• _THE PROBLEM_
From the line containing "Vanesa Face Wash, Tea" down to the last line of the material, output each line exactly as it appears, excluding pictures.

• _DATA SEGMENT_
- Opening Delimiter -

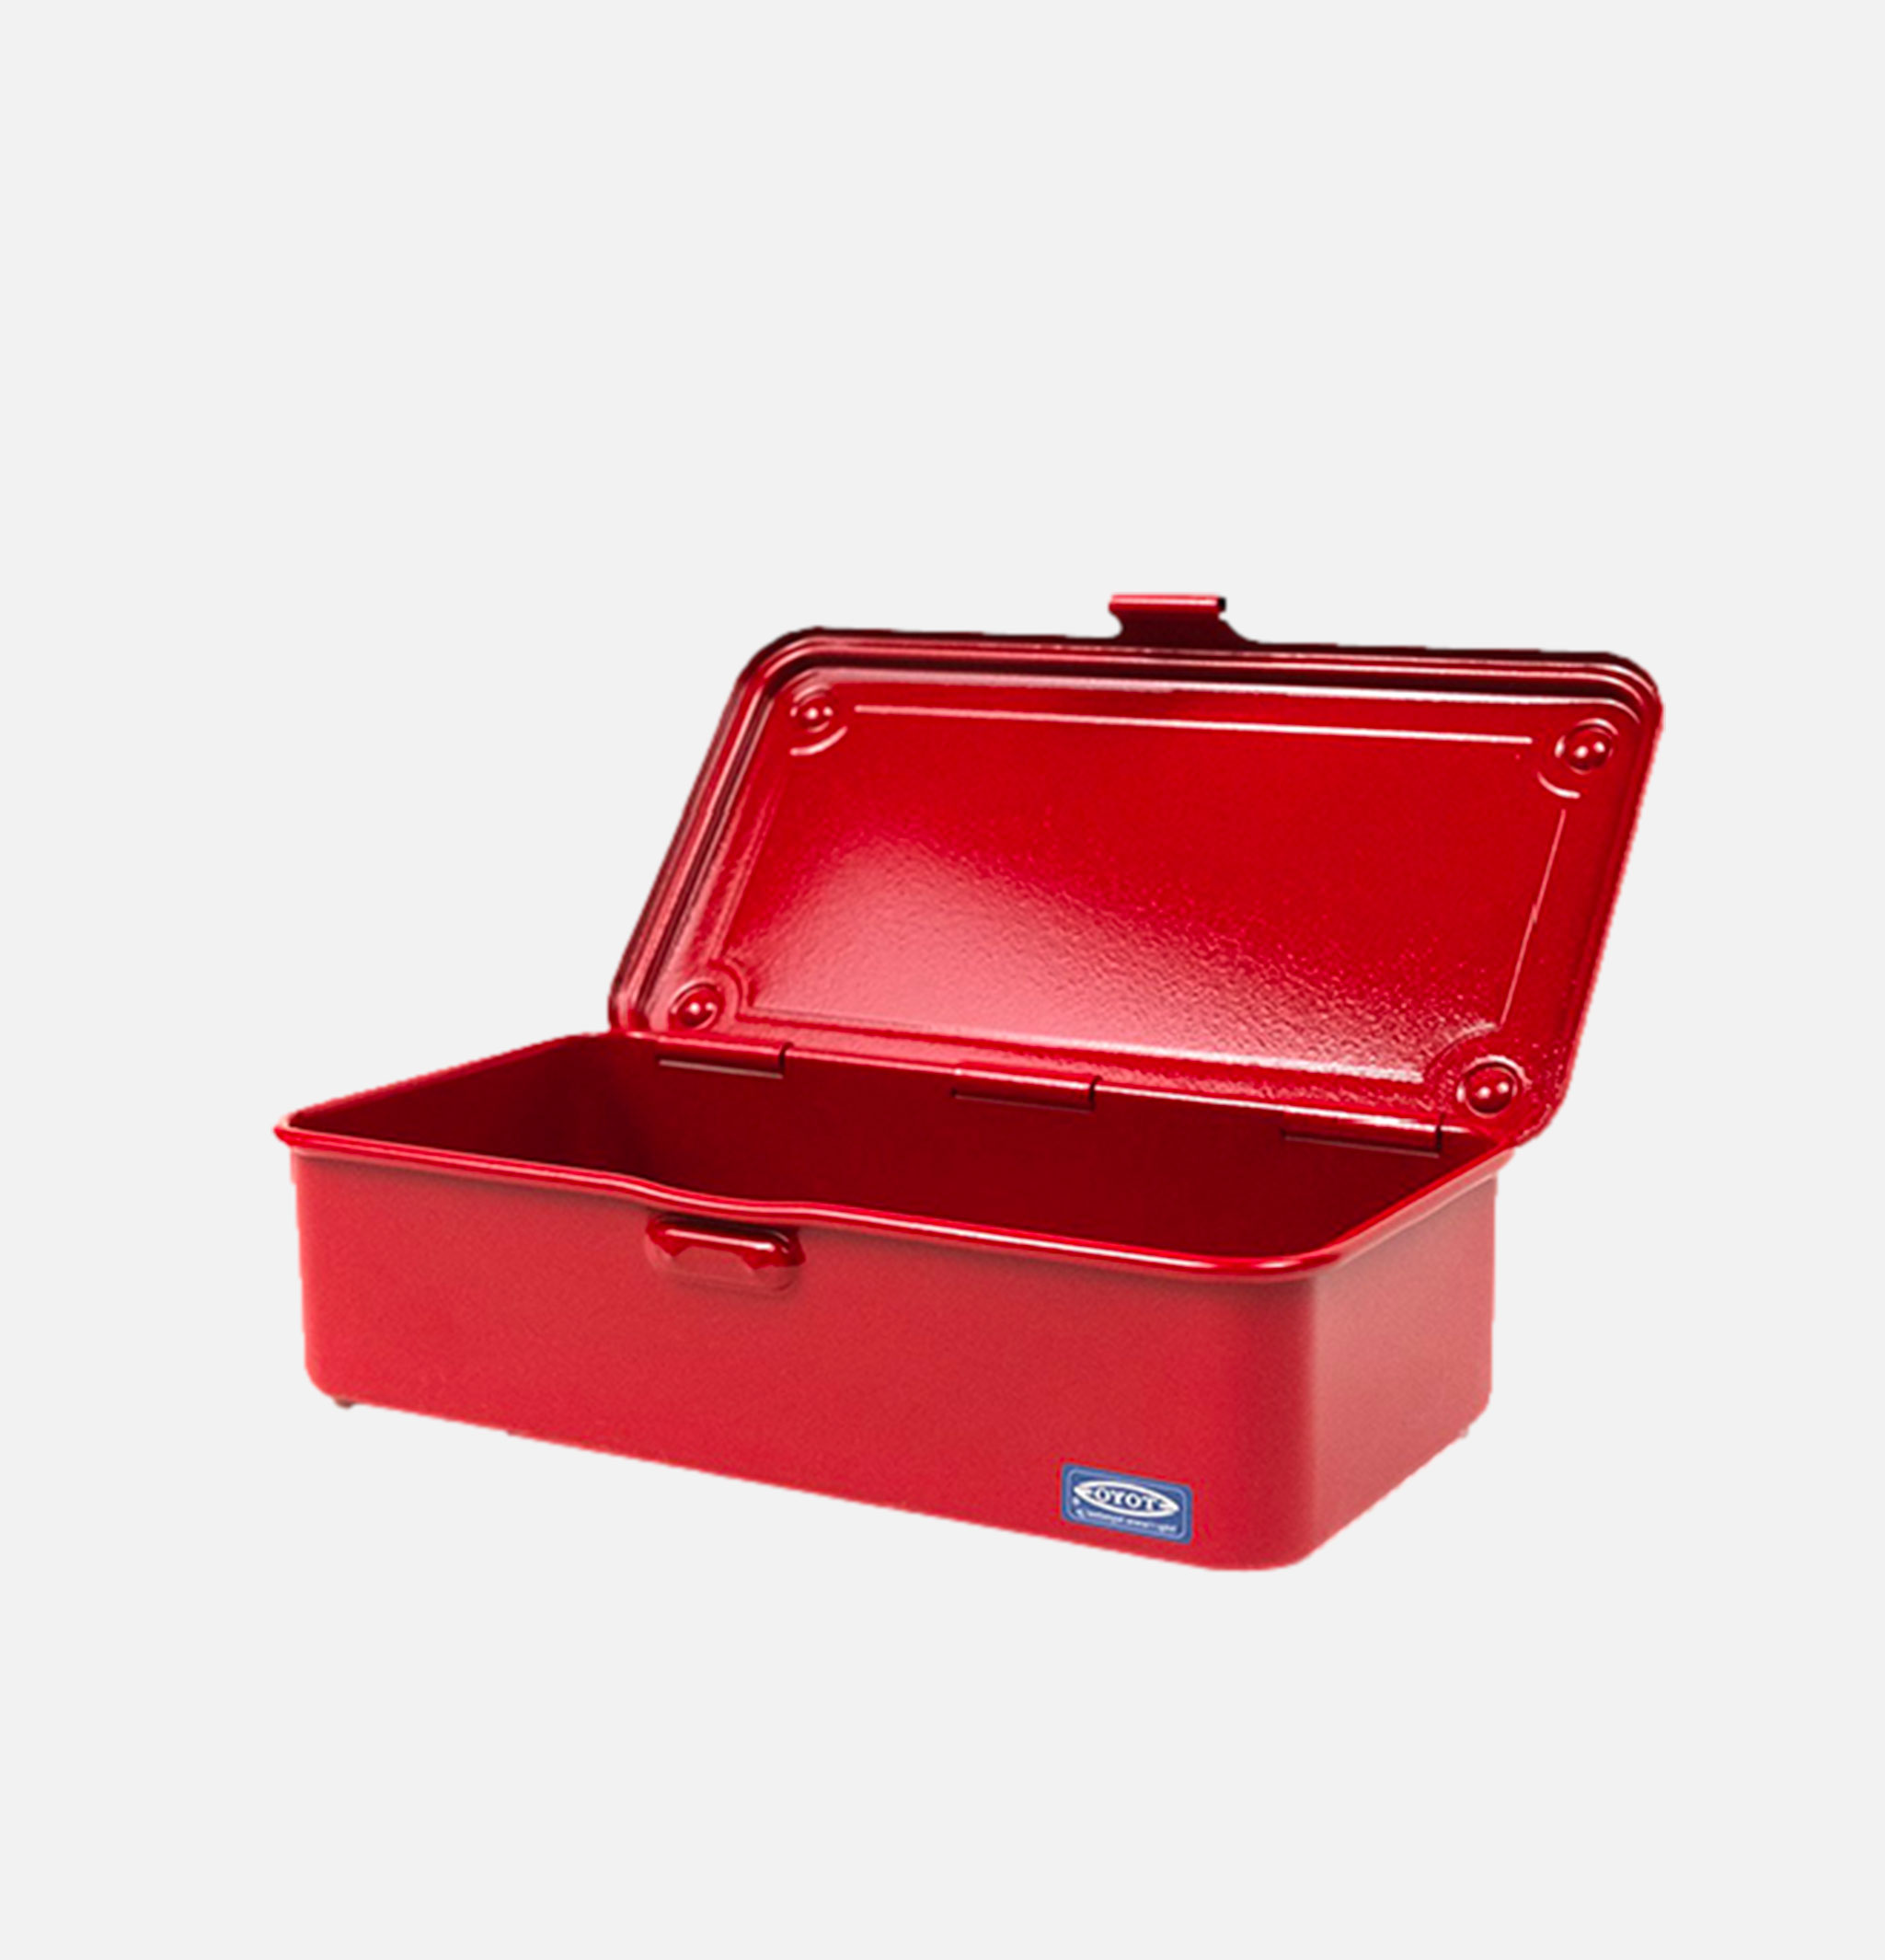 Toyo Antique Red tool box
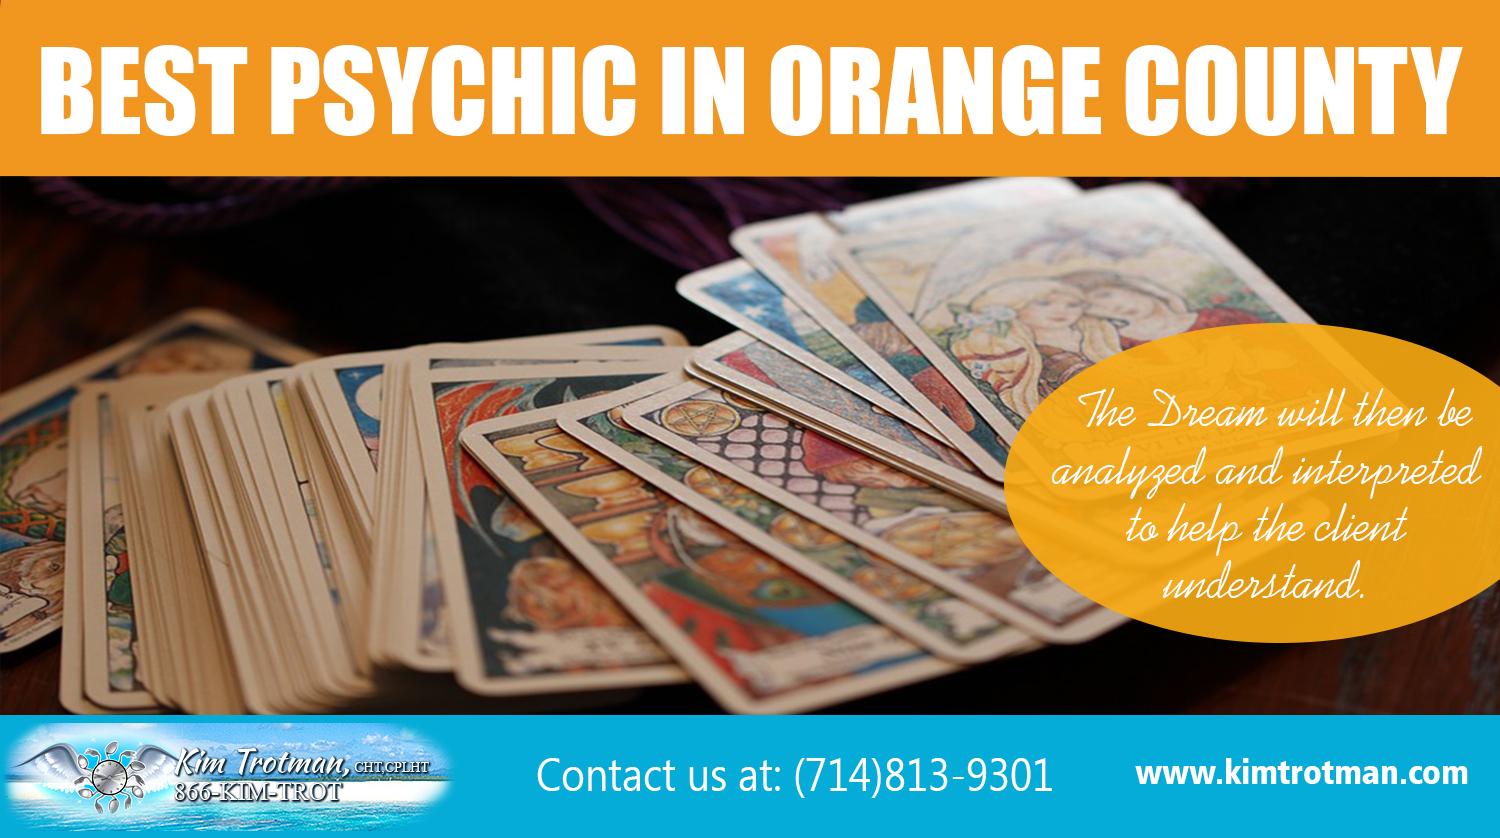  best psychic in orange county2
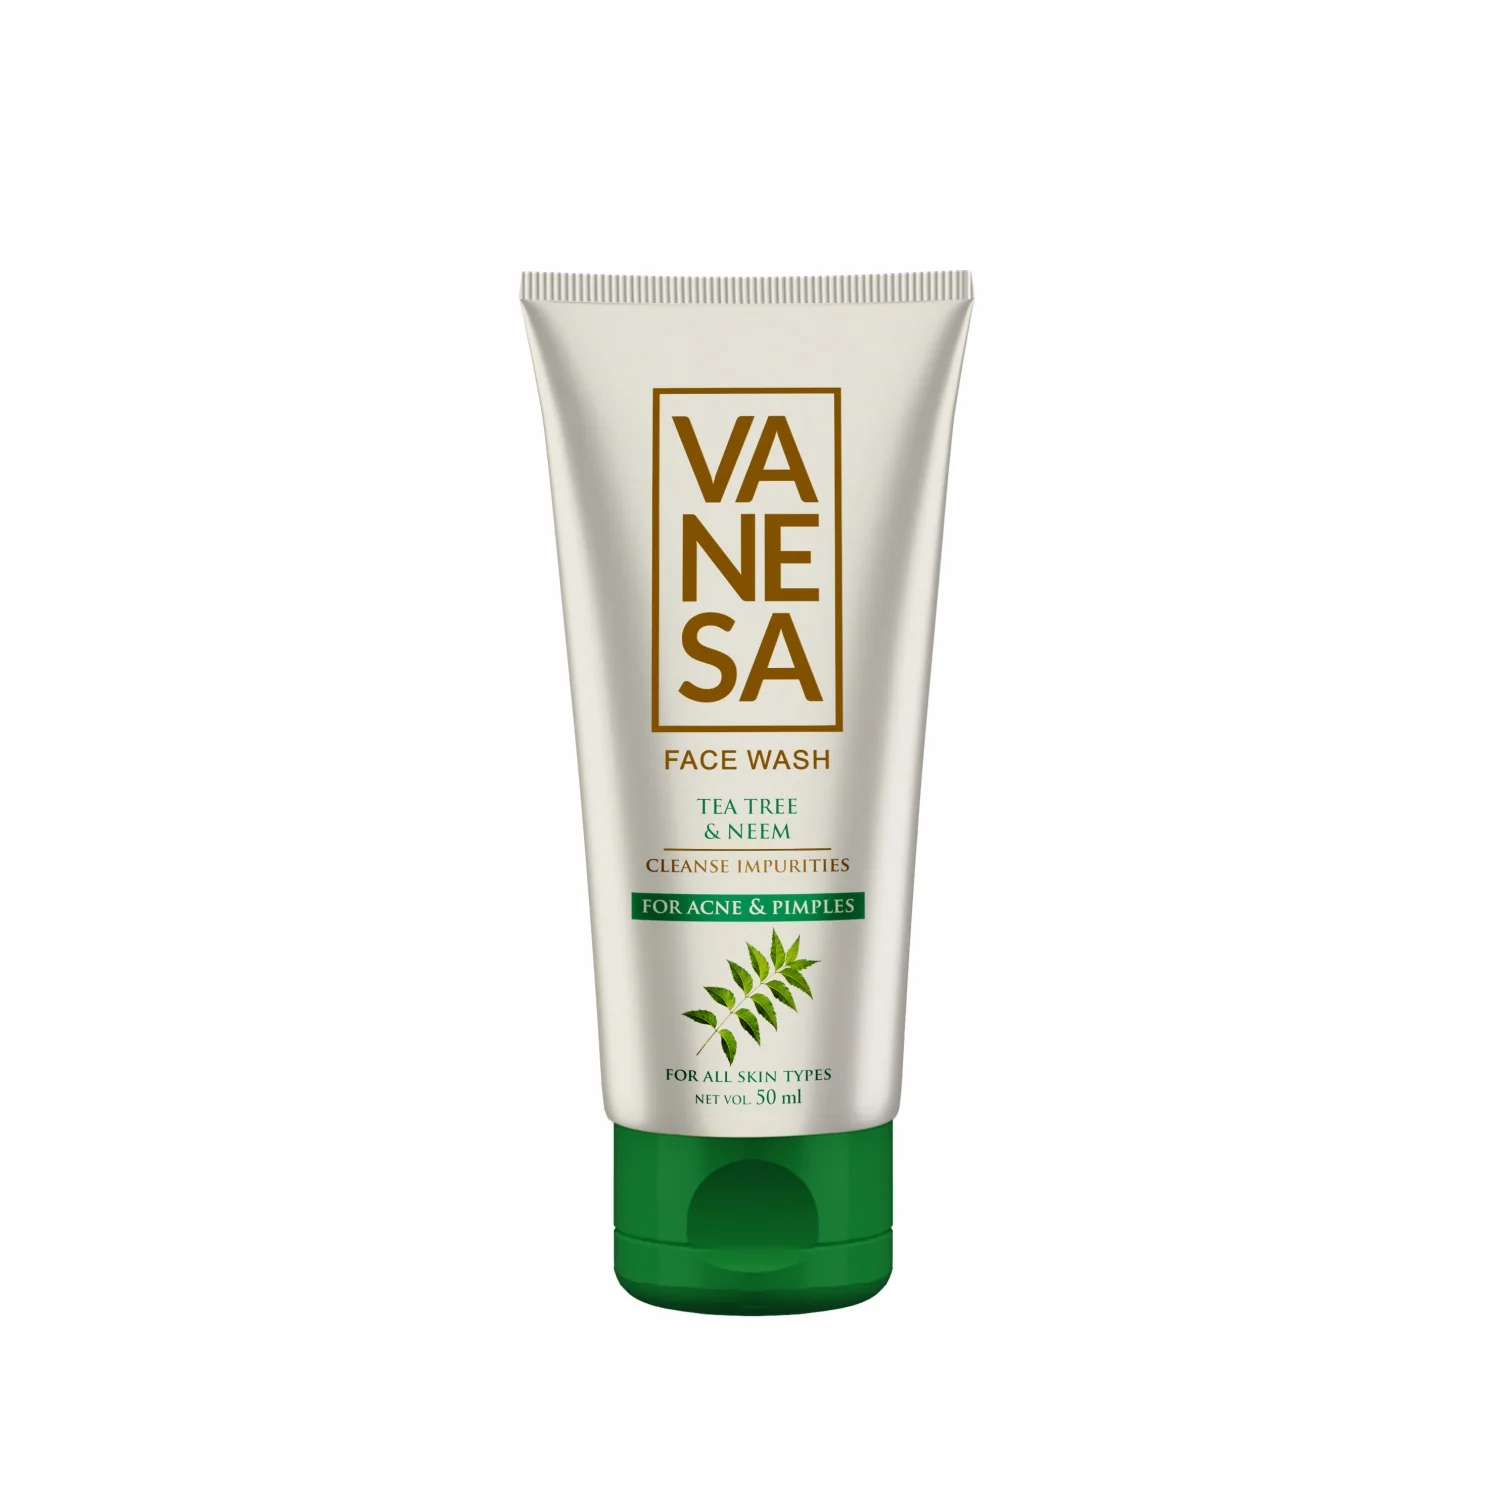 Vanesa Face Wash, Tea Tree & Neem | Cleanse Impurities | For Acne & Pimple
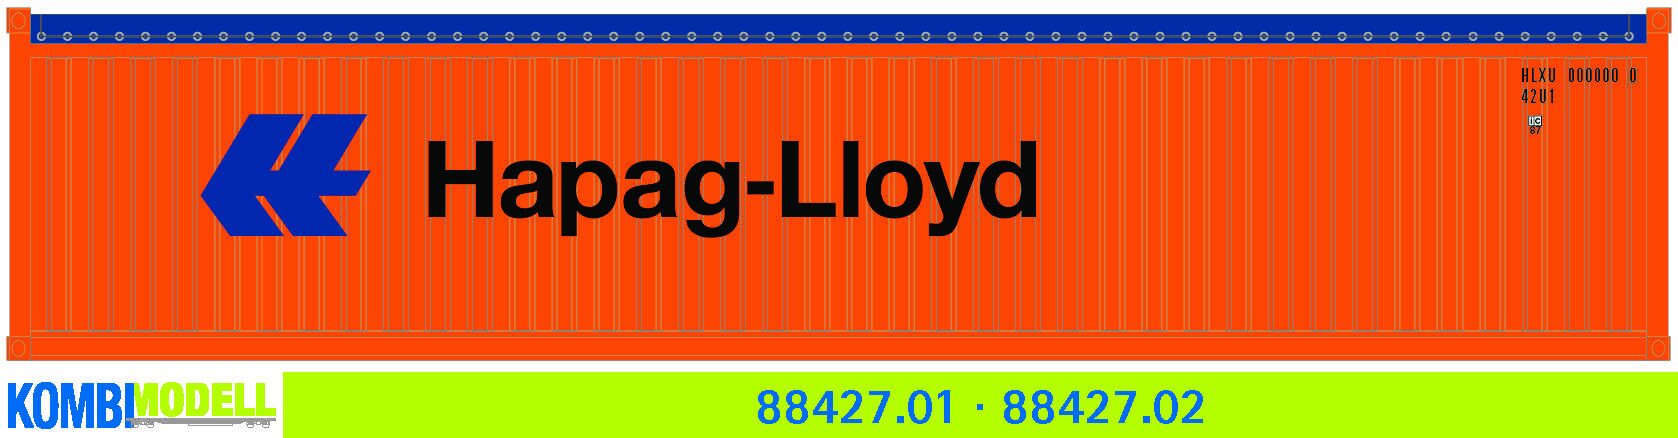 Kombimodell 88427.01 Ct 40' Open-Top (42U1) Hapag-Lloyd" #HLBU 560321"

- Closing Delimiter -

• _ANSWER TO THIS EXERCISE_
 Vanesa Face Wash, Tea Tree & Neem | Cleanse Impurities | For Acne & Pimple
 Kombimodell 88427.01 Ct 40' Open-Top (42U1) Hapag-Lloyd" #HLBU 560321"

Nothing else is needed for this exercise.